La coupe impeccable, …. La légèreté et souplesse du tissus, … le toucher suave du cashmere, … la couleur qui va avec celle de mes yeux, … le style anglo-saxon de la coupe, … elle me donne confiance en moi, … comme ça on voit que je suis dans le coup, …. C’est le costume croisé d’un leader.

Les discours sont d’autant plus complexes que l’identité de la marque vient s’y superposer. L’achat va se faire parce qu’il engendre de la satisfaction qui provient à la fois des attributs intrinsèques du produit et des valeurs qui sont activées par notre vivre en société. Regardons ces deux dimensions.

Le style de la veste est probablement l’attribut intrinsèque primordial. Le style pour une marque ou un designer, est constitué principalement par les constantes du traitement esthétique du produit (coupe, tissus, couleurs, boutons, doublures, construction, …).  C’est normalement ce qui fait que l’on puisse reconnaitre une veste comme ayant été créée par une marque spécifique. Exercice d’autant plus difficile que, s’il est relativement facile d’être original sur une saison et de communiquer à outrance sur un produit, il est plus difficile de faire percevoir un point de vue esthétique dans la durée sur un produit comme la veste. Celle d’Armani est probablement la seule que l’on puisse reconnaitre depuis le trottoir d’en face.

Charles Lalo (philosophe français du début du XXème siècle) disait que la nature sans style est anesthétique . Que penser alors des biens de consommation sans style…

Le 2ème attribut de la veste qui soit pertinent aujourd’hui est son contenu mode. Il permet au gérant de la marque de segmenter le marché du plus conservateur au plus branché.

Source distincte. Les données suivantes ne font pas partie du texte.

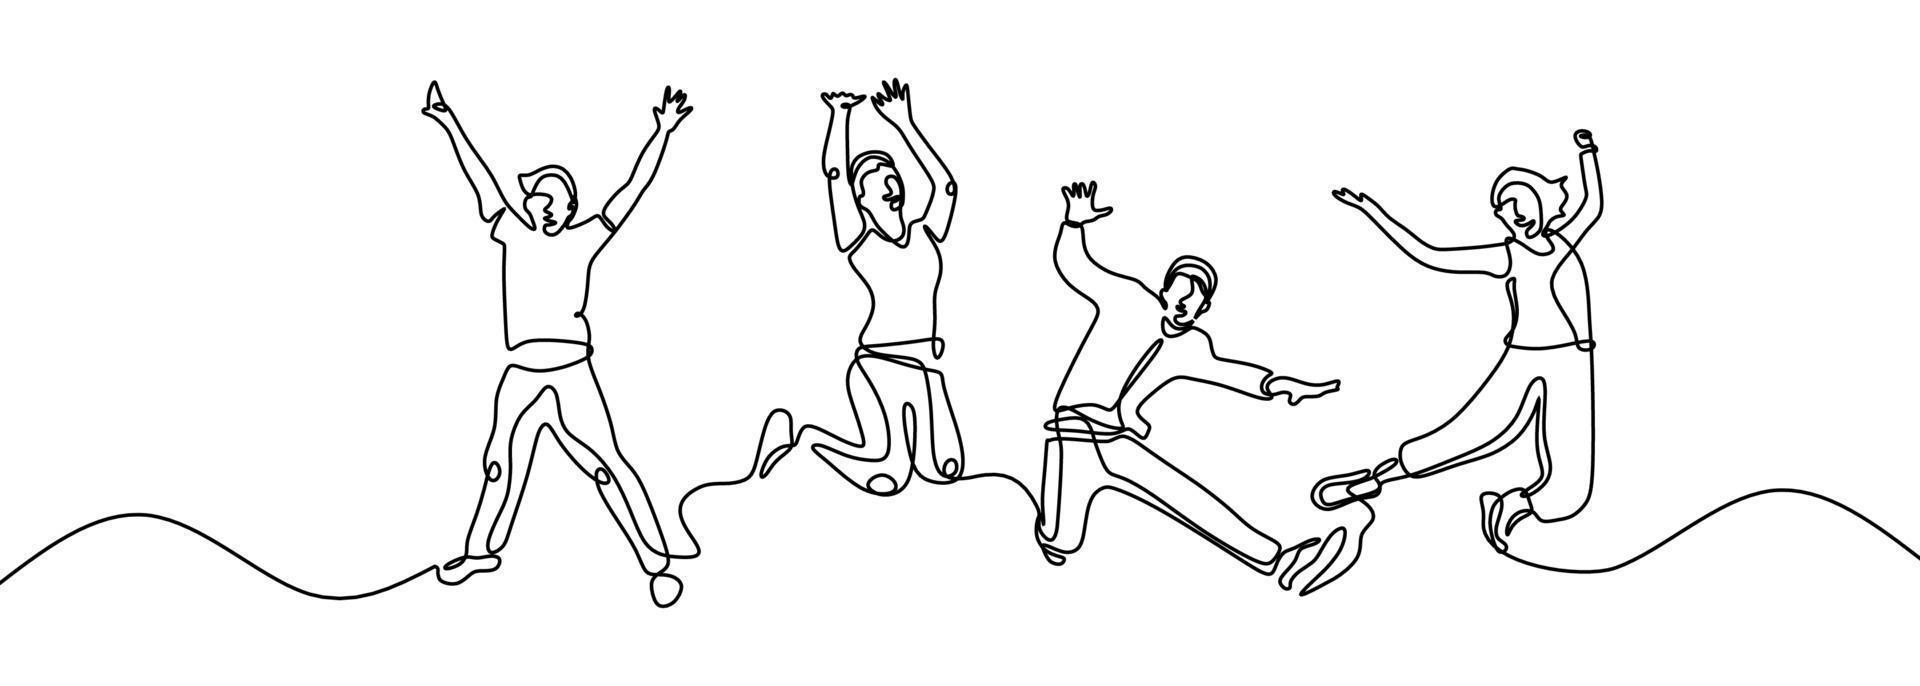 dibujo de línea continua de cuatro personas felices saltando. vector

On peut alors positionner quelques marques connues dans l’habillement masculin sur un diagramme qui peut aider à la décision d’achat ou, pour le gérant de marque de se situer par rapport à la concurrence

Graphique veste1

La dimension sociale, quant à elle, est quasiment toujours présente dans la décision d’achat. La veste peut servir aussi bien de cuirasse protective ou d’élément d’expression de la propre identité. Eric Landowski, sémiologue français, propose un diagramme très utile pour définir 4 grandes typologies di consommateurs, selon l’importance attachée soit à la nécessité d’être en symbiose avec le socialement correct, soit au besoin d’exprimer sa propre individualité.

Graphique veste2

Sur la partie droite du diagramme apparaissent les consommateurs qui tiennent en grande considération le qu’en dira-t-on:

  • Le Caméléon cherche dans la veste un refuge. Il y trouvera la tranquillité d’être comme il faut, selon les normes sociales qui l’environnent.
  • Le Snob est toujours à la recherche de la nouveauté, celle qui sera à la mode demain. Motivation essentiellement sociale, il veut être le « trend setter »

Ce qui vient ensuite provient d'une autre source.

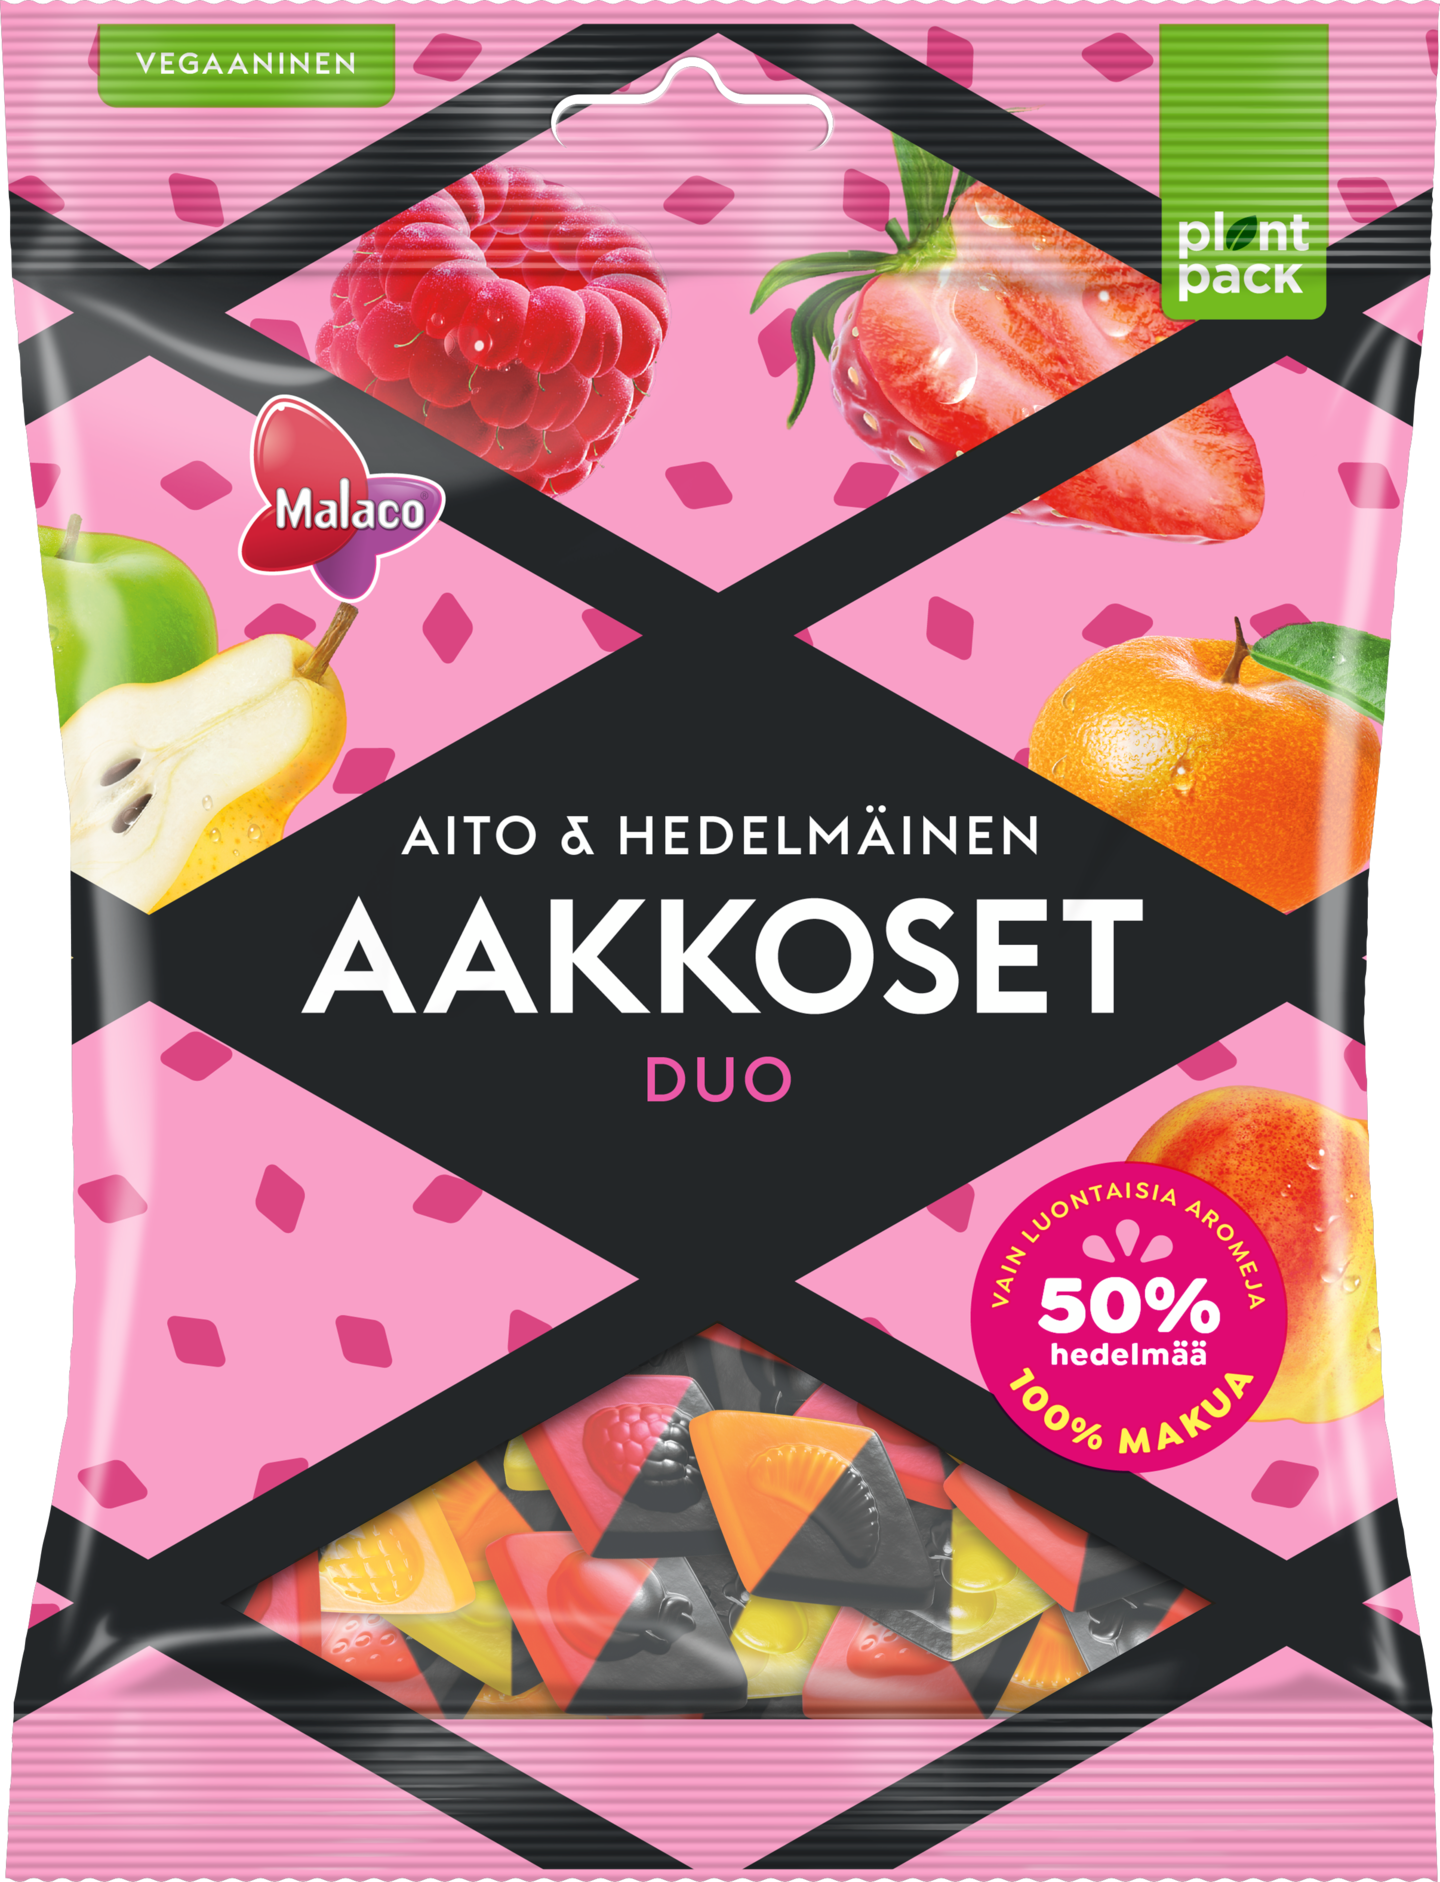 Malaco Aakkoset 230g Aito&Hedelmäinen Duo karkkipussi

Sur le côté gauche, nous trouvons les consommateurs qui ne s’inquiètent pas de l’avis des autres:

  • L’Ours reste indifférent à l’opinion des autres et n’a aucune velléité à exprimer sa personnalité par son mode vestimentaire.
  • Tandis que le Dandy trouve dans l’habillement une occasion créative.

Ce diagramme versatile s’applique aussi bien à des marques, des magazines, des produits,  que des acteurs mythiques comme Steve McQueen ou Pierce Brosnan qui sont des références fondamentales dans l’habillement masculin.
Dans ces rôles multiples, la veste devrait nous aider à  passer au travers de la crise actuelle dans de meilleures conditions, … au moins psychologiques.